For a categorical variable, category probabilities are computed from observed frequencies:

probability(category) = frequency(category) / total_count

If no frequencies are available, probabilities default to uniform (1 / number_of_categories).

Binary proportion

For a binary variable, the success probability p is taken from the exact frequency count:

p = count_of_1s / (count_of_1s + count_of_0s)

The value is clamped to [0.001, 0.999] so generation never has a degenerate probability.


Distribution parameter reference

Distribution Parameters Meaning
Normal mean, std Centre and spread of a Gaussian
Uniform min, max Lower and upper bounds of a flat distribution
Binomial n, p Number of trials and success probability (n=1 gives Bernoulli)
Categorical categories, probabilities Category labels and selection probabilities
Exponential lambda Rate parameter (mean = 1/lambda)
Poisson lambda Mean event count
Lognormal mean, std (on the log scale) Parameters of the underlying normal
Beta alpha, beta Shape parameters bounding the variable to [0, 1]
Gamma shape, scale Shape and scale parameters for a positive skewed variable

Data context

You can set an overall data context that tunes how the module interprets and presents the dataset:

Context Typical domain
General Default -- no domain-specific assumptions
Medical Clinical / health data
Financial Financial / economic data
Behavioral Psychology / behavioural science data
Manufacturing Industrial / quality data
Environmental Environmental / ecological data

The data context helps the module frame the variables and results appropriately for your field.

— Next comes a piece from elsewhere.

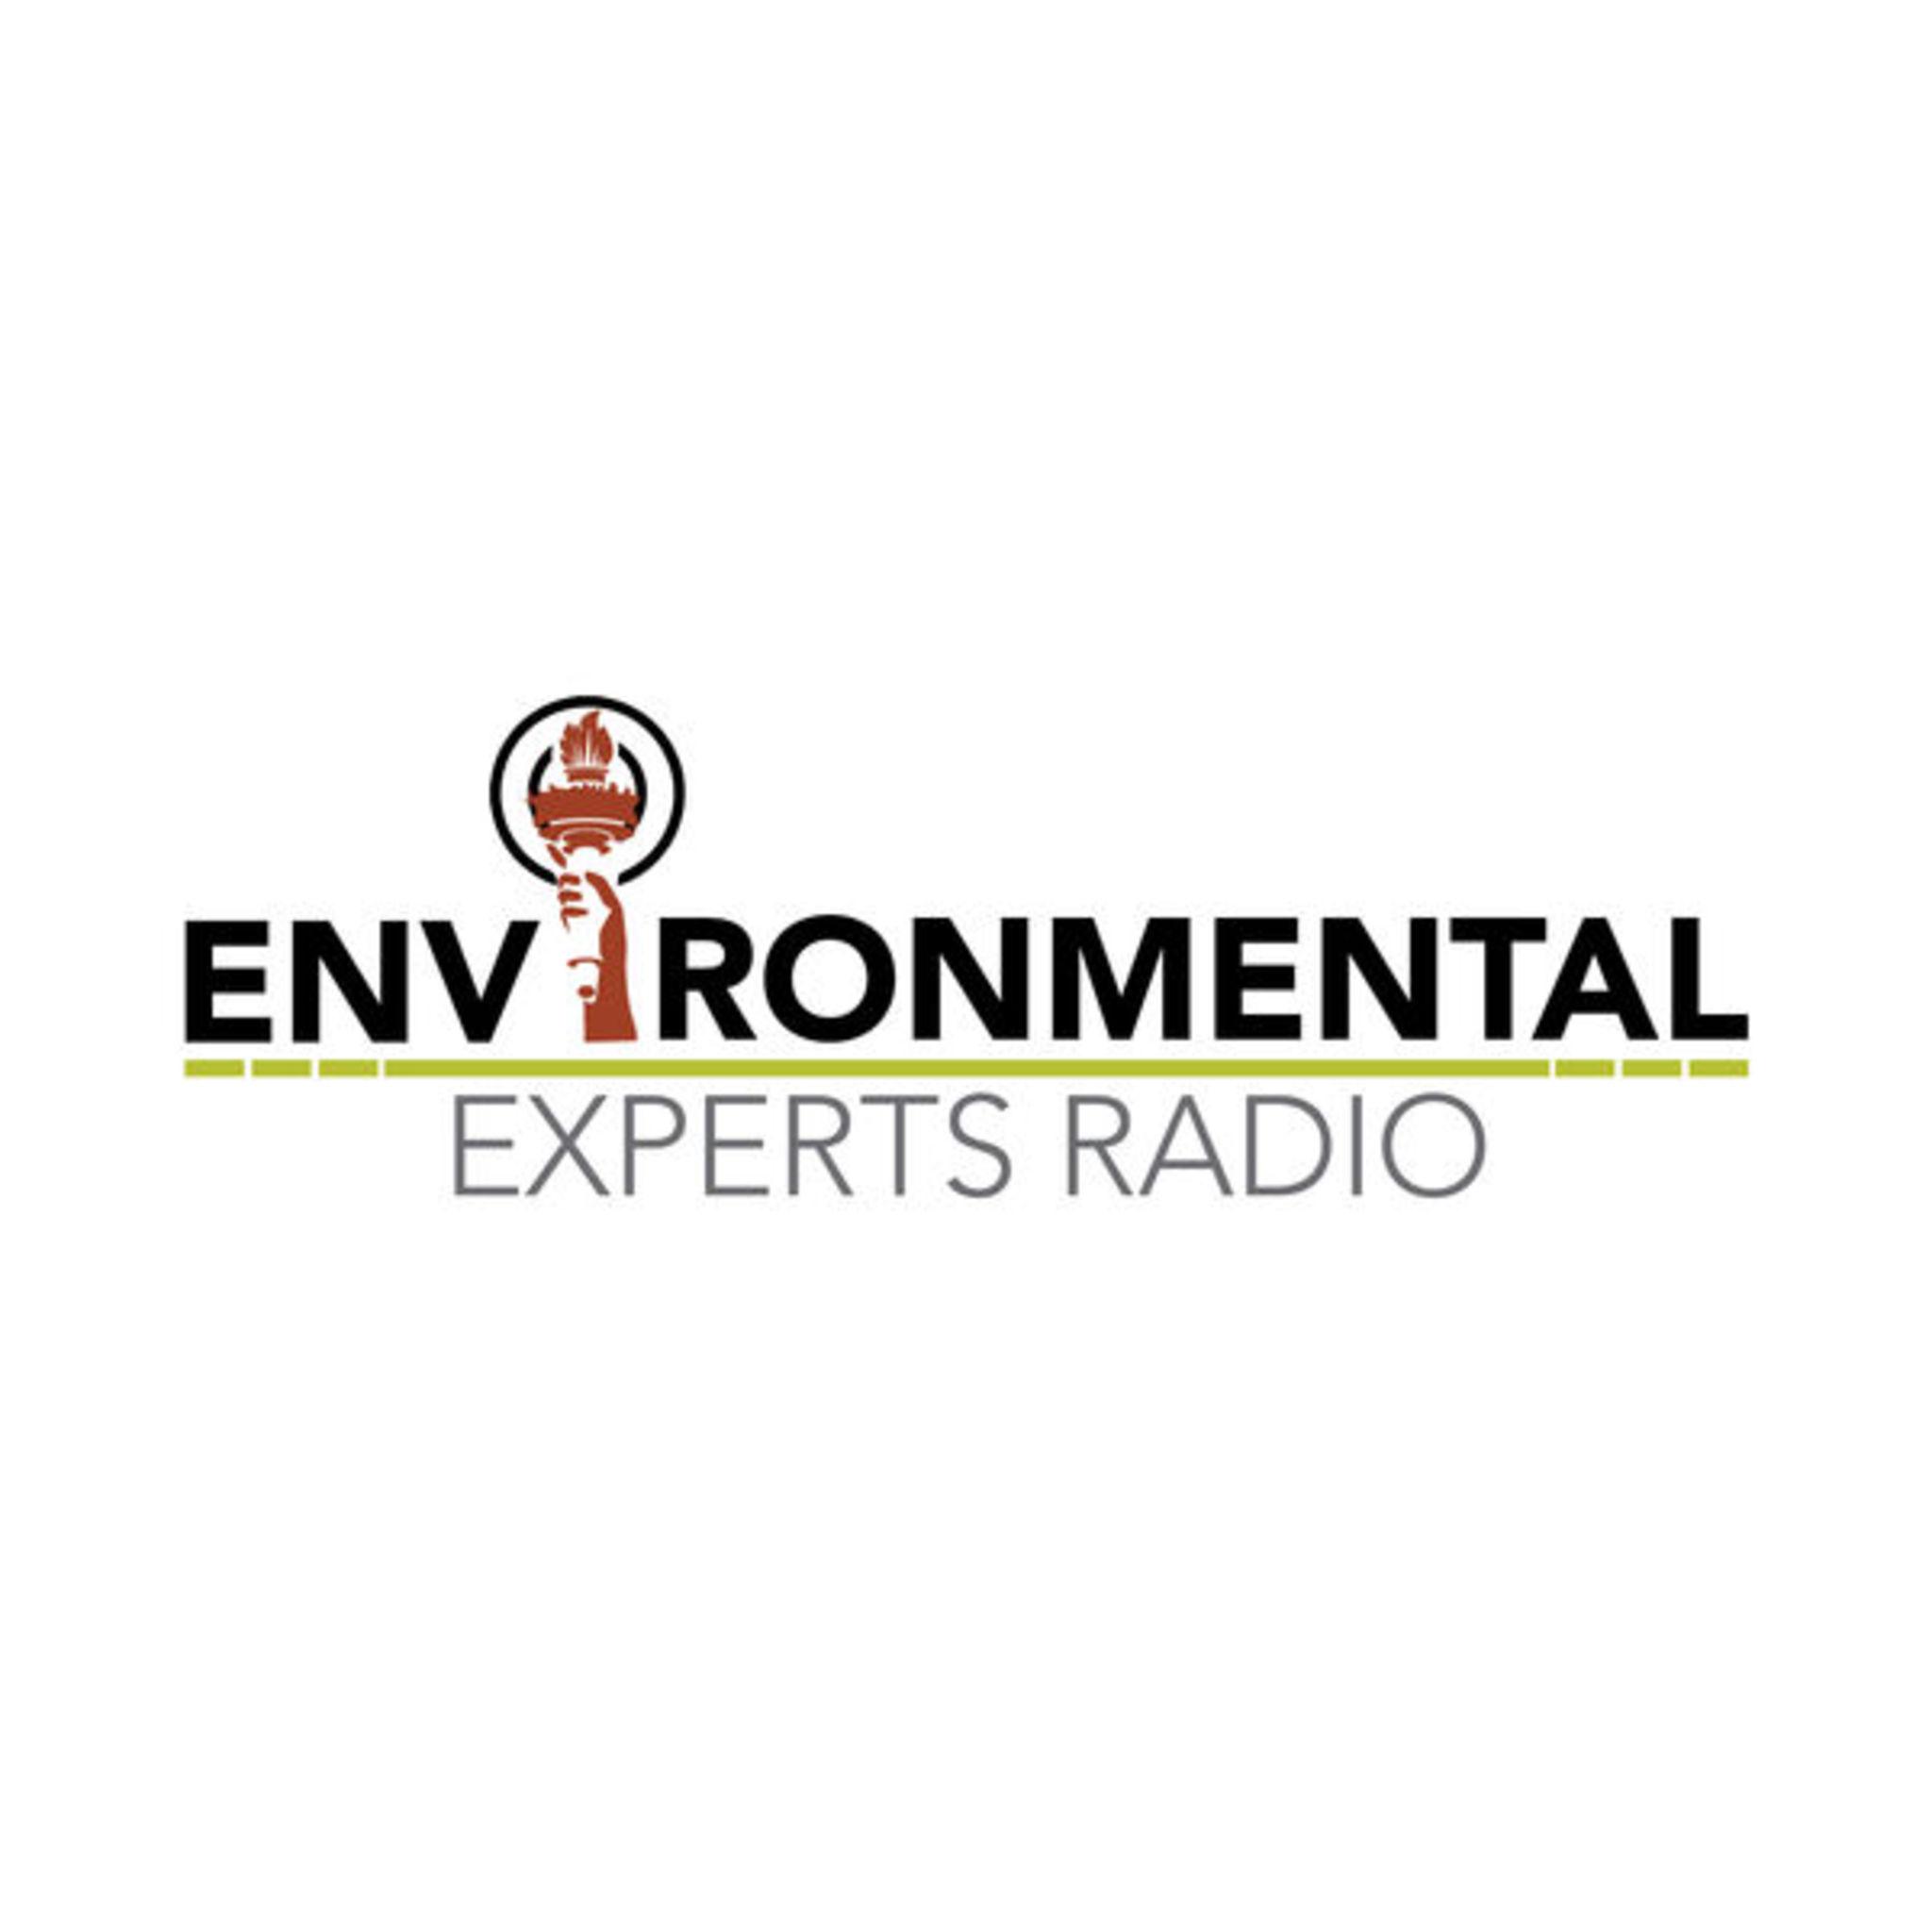 CERCLA Logo - Environmental Experts Radio Canal And The Origin Of CERCLA

Reviewing and adjusting detected types

After automatic detection, you review every variable in the Configure Settings step. For each variable you can:

  • Confirm or change its type
  • Confirm or change its distribution and edit the distribution parameters
  • Include or exclude the variable from generation

This gives you the final say over how each column is modelled, while automatic detection does the heavy lifting of getting the defaults right.